What is required: Look below for the line that contains "Sekonic Speedmaster L-858D-U", then copy it and each following line exactly, through and including the line that contains "tbi_zahra-ali-y-alhamili_1330.png".

Data:
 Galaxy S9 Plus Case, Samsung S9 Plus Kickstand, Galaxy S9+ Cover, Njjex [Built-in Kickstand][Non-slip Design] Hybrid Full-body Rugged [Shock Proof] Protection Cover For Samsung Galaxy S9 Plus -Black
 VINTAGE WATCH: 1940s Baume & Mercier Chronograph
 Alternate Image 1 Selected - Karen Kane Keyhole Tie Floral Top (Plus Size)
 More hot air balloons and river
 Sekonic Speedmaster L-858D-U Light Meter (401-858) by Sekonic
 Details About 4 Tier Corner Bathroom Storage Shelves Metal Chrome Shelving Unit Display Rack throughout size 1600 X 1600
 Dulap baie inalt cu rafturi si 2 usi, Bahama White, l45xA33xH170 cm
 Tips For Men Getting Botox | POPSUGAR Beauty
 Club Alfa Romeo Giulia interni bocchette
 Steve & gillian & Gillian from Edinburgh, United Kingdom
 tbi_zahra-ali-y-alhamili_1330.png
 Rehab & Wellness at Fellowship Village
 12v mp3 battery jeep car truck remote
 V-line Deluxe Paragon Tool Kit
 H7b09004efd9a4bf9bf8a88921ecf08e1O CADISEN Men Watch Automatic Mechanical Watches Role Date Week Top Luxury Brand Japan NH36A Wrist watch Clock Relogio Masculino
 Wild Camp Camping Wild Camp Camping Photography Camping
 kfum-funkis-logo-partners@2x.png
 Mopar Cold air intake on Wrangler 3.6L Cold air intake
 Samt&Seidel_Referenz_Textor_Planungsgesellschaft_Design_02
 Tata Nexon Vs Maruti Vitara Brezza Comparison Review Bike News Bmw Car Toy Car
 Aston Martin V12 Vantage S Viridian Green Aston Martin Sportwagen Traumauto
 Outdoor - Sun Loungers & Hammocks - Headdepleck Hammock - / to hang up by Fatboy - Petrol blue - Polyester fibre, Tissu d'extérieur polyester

Solved exercise:
 Sekonic Speedmaster L-858D-U Light Meter (401-858) by Sekonic
 Details About 4 Tier Corner Bathroom Storage Shelves Metal Chrome Shelving Unit Display Rack throughout size 1600 X 1600
 Dulap baie inalt cu rafturi si 2 usi, Bahama White, l45xA33xH170 cm
 Tips For Men Getting Botox | POPSUGAR Beauty
 Club Alfa Romeo Giulia interni bocchette
 Steve & gillian & Gillian from Edinburgh, United Kingdom
 tbi_zahra-ali-y-alhamili_1330.png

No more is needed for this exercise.